**DATA EXTRACT**
┌──
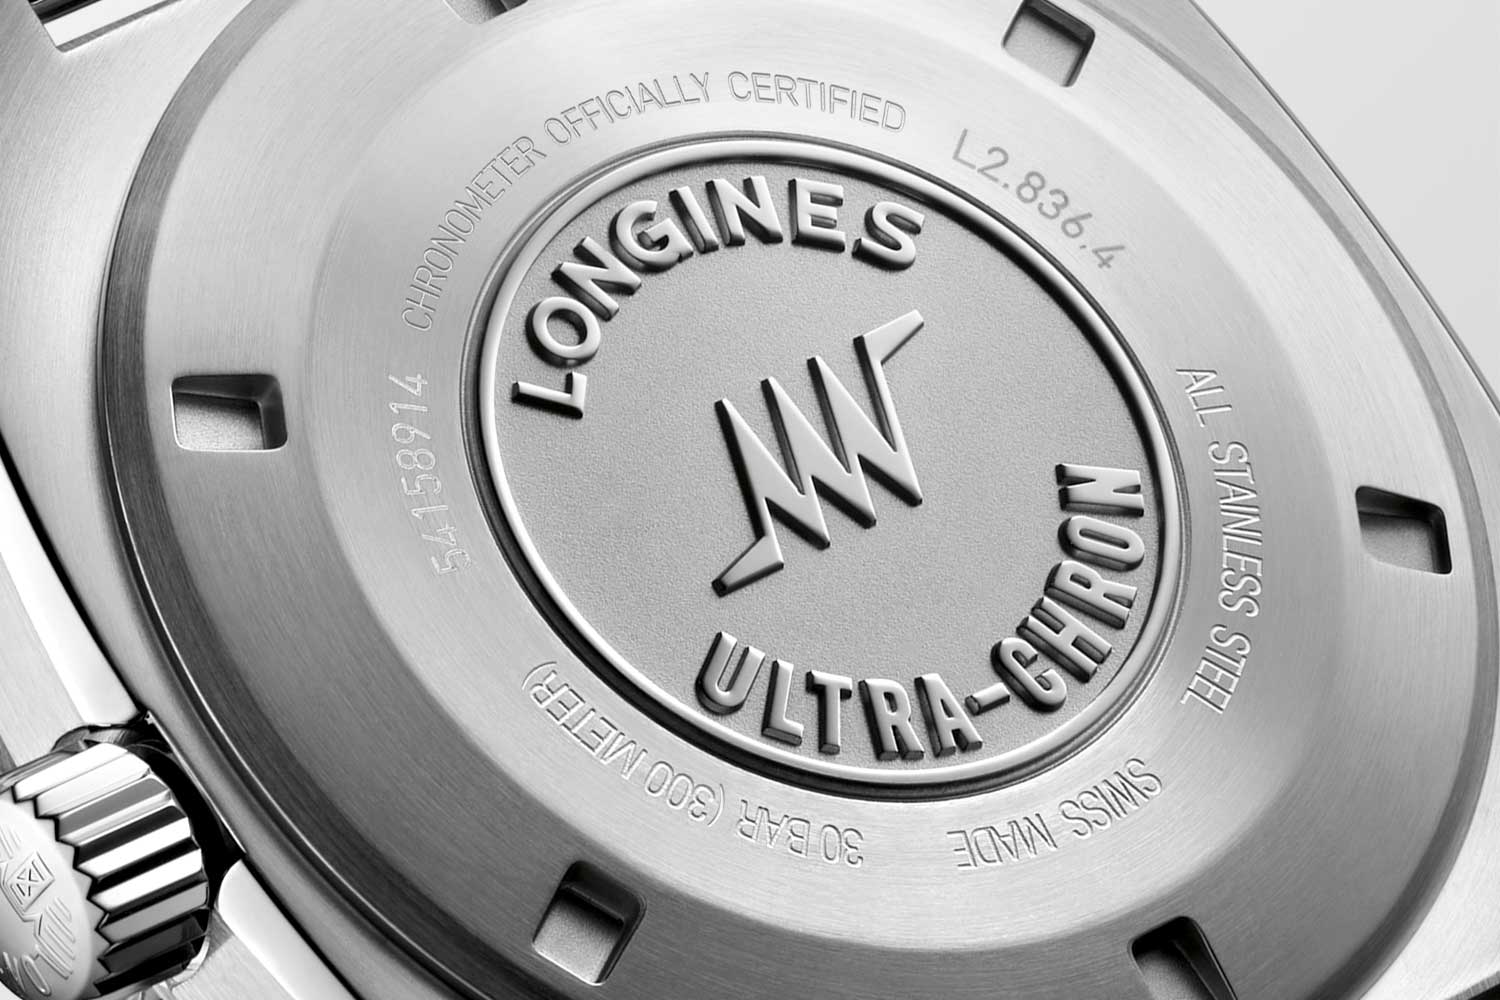 The original Ultra-Chron logo is embossed on the caseback, the crown is screwed-down, and watch has 300m water resistance rating
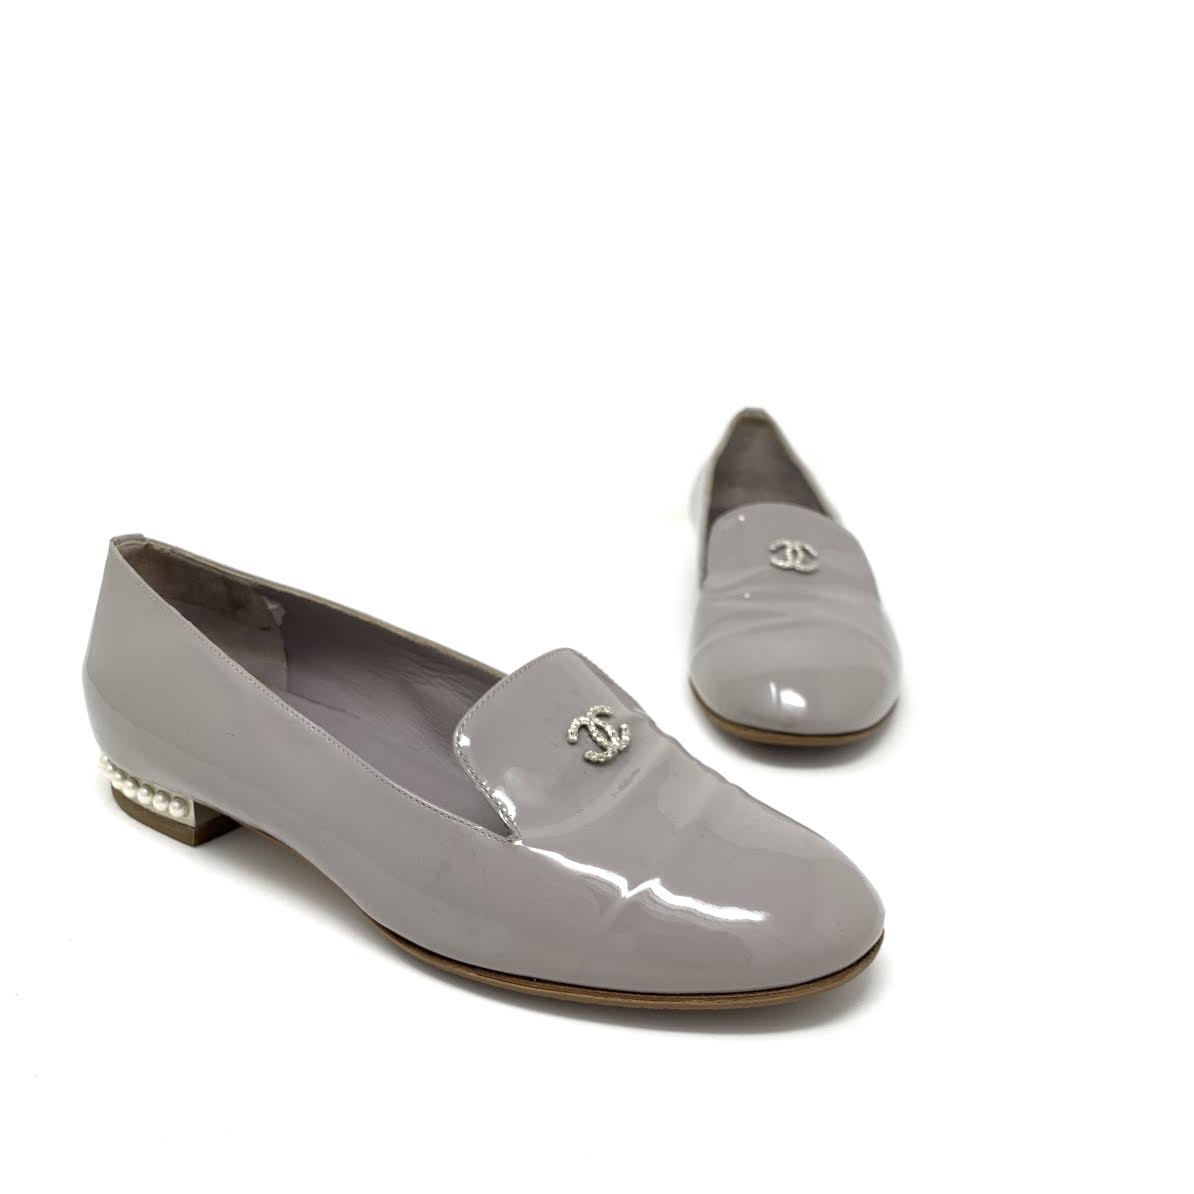 CHANEL Women's Loafer for sale
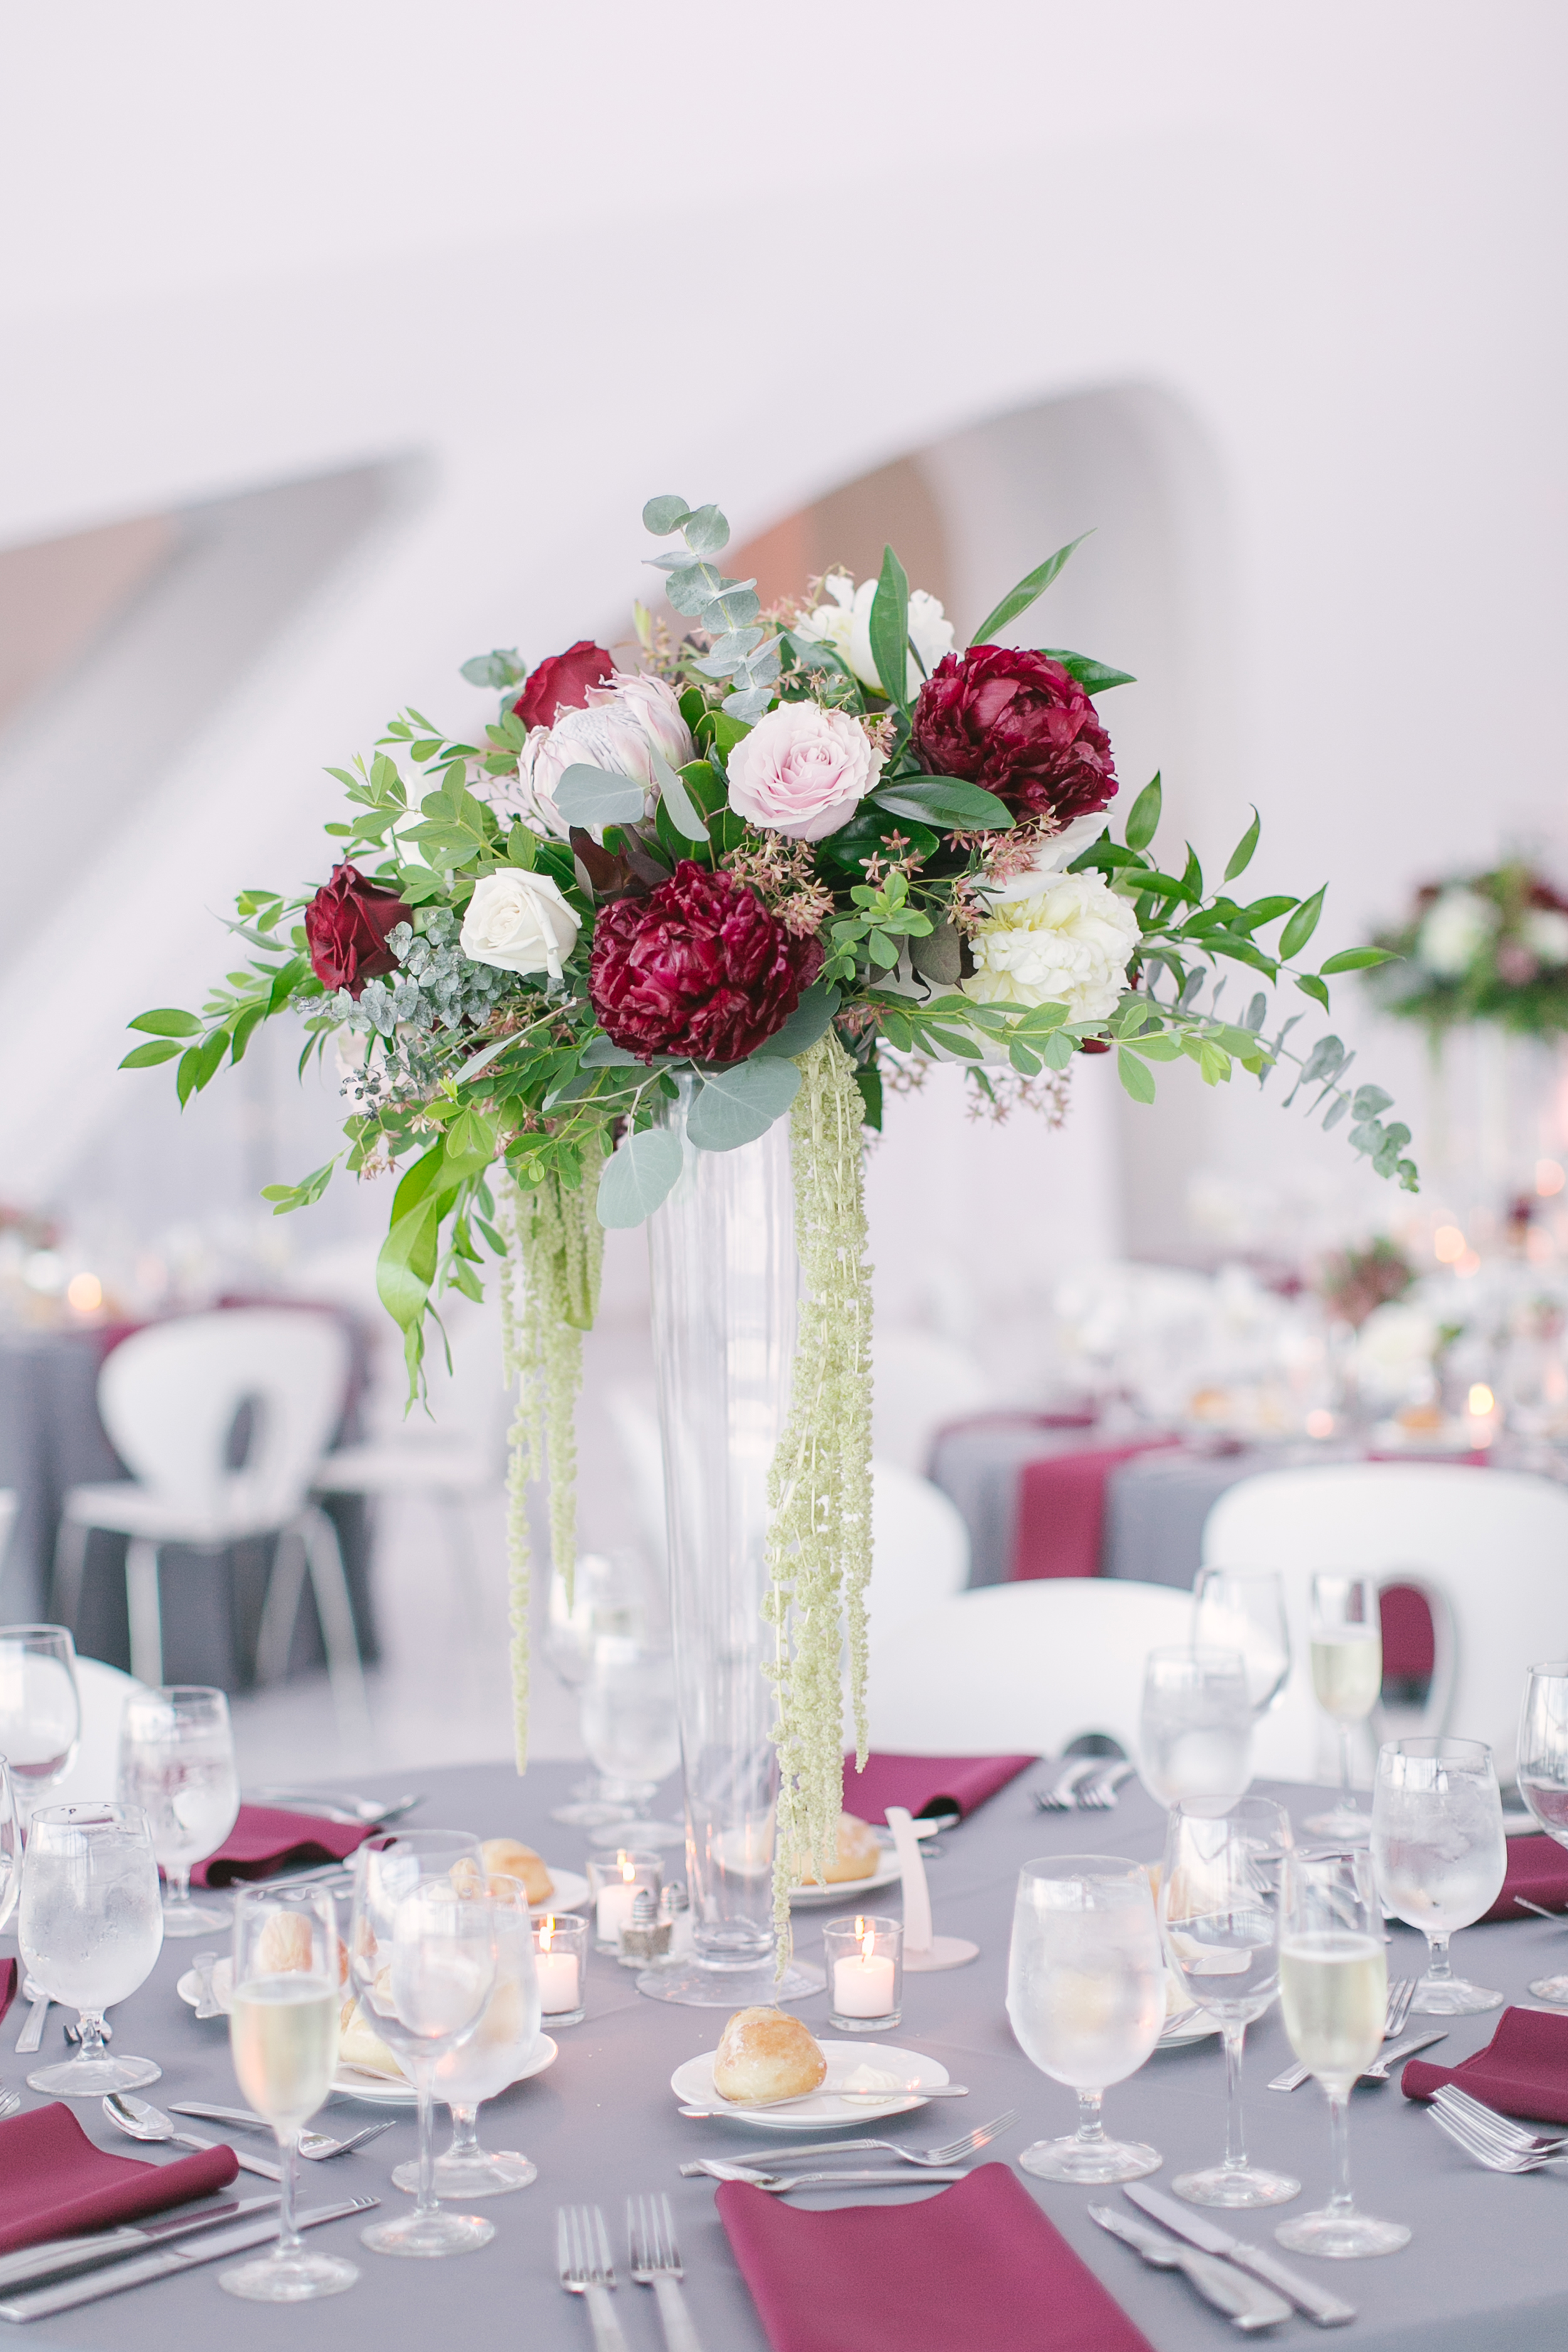 29 Tall Centerpieces That Will Take Your Reception Tables to New
└──
Give the listing above again exactly, minus any images.

**REPLY**
 The original Ultra-Chron logo is embossed on the caseback, the crown is screwed-down, and watch has 300m water resistance rating
 CHANEL Women's Loafer for sale
 29 Tall Centerpieces That Will Take Your Reception Tables to New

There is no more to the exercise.